Esse encontro, moço, mudou meu destino. Levaram-me pra outros mundos, conheci outros lugares e diante de grande espanto, logo substituído por encanto, desembarquei no Brasil.

Deus meu, como é bonito esse país! Por tudo que já ouvi falar do Paraíso, de mais nenhuma prova preciso. Bastou-me olhar para a imensidão do mar, praquele céu azul anil, se de fato tal lugar existiu, não tem como negar, ele se chama Brasil. Por aqui as riquezas e os tesouros são outros. É tanto bicho, tanta planta, tanta flor que, mesmo sem estar com medo, desespero ou dor, se a gente não se segurar é bem capaz de chorar sim senhor.

Em todo canto encontrei uma festa, uma brincadeira, uma procissão.
Uma mão, um abraço, um afago. Um compadre, um irmão.
Assim fui mudando um pouco de aparência, ganhei novas estampas, novas cores, fiquei mais alegre, sem, porém perder a inocência. Tornei-me mais tropical, mais debochada eu diria até mesmo marcada com a cara do Brasil.

Aí não teve jeito, meu irmão. Aliás, o jeito foi me fazer presente no sagrado e no profano, sem distinção.

E não me fiz de rogada, entrei na dança, na contra-dança, estampei o vestidinho da sinhazinha de trança, rezei nas novenas com esperança, colori o palhaço, alegrei as crianças.

Enfeitei a nobreza negra em cortejo e até hoje o que mais desejo é levar pra essa gente sofrida, a fé que a vida um dia pode mudar.
Com o tempo me tornei um símbolo, a voz dos oprimidos, dos reprimidos, dos excluídos.
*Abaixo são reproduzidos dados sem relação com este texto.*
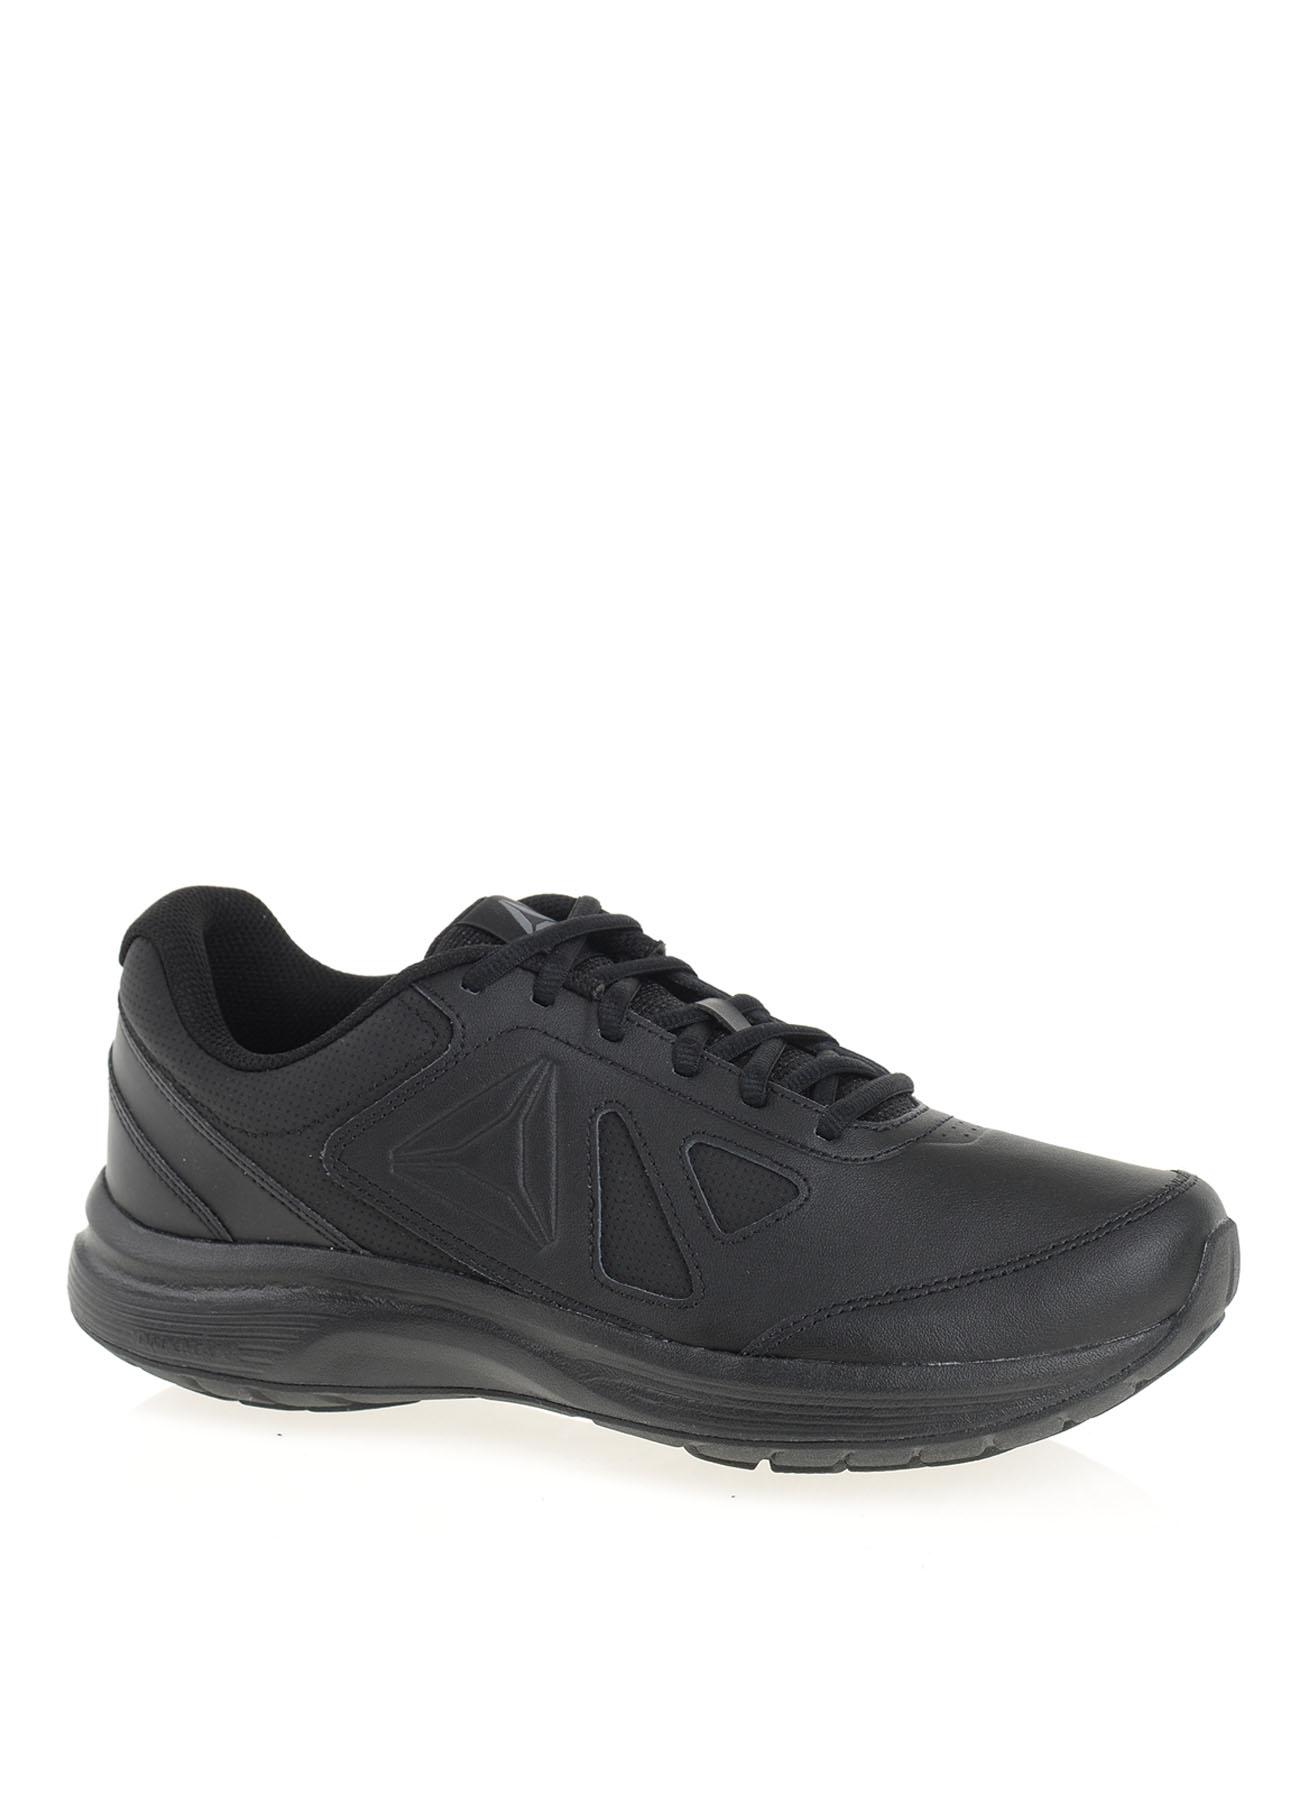 Reebok Walk Ultra 6 DMX Max Koşu Ayakkabısı 45 5001633164009 Ürün Resmi

Levantei bandeiras, virei rebelde com causa. Protestei, argumentei, buzinei com o Chacrinha, dei troféu abacaxi pra repressão. Sai pra lá, que ninguém vai me prender, não!
Sai pra lá essa vida tão sofrida, essa vida dita dura. Entre em cena um Brasil novamente colorido, estampado, tropical, tropicalista. Que loucura!

E não adianta censurar, porque quando um país, quando um povo quer ninguém consegue segurar.

E assim vencemos! O povo, o país e eu!

É o povo que está novamente no poder. Este povo malandro, bonito, sagaz e maneiro. Que canta e dança, pinta, borda e é feliz.
Que não se envergonha da cara que tem, muito menos de ser tachado de cafona. Aliás, cafona é o sujeito que da sua cultura se envergonha.
Ih! Quase ia me esquecendo, deixe-me apresentar. Todos me conhecem por chita, alguns por chitinha e outros por chitão, mas ninguém se esqueça não que vim lá de longe, mas foi aqui que encontrei meu chão, somente aqui me tornei tão popular a ponto de me transformar em sinônimo do lugar.

Hoje a Estácio de Sá, através das minhas estampas e das minhas cores vem apresentar um pouco da trajetória e da alma do povo deste país. Cantando e batucando, espantando pra bem longe o mal, fazendo arte, brincando carnaval.

Afinal, nós somos é brasileiros acima de tudo e de todos. Estampados, coloridos, listrados e vestidos de chita. Um povo que se agita, que grita para o mundo orgulhoso: eu, eu sou brasileiro seu moço!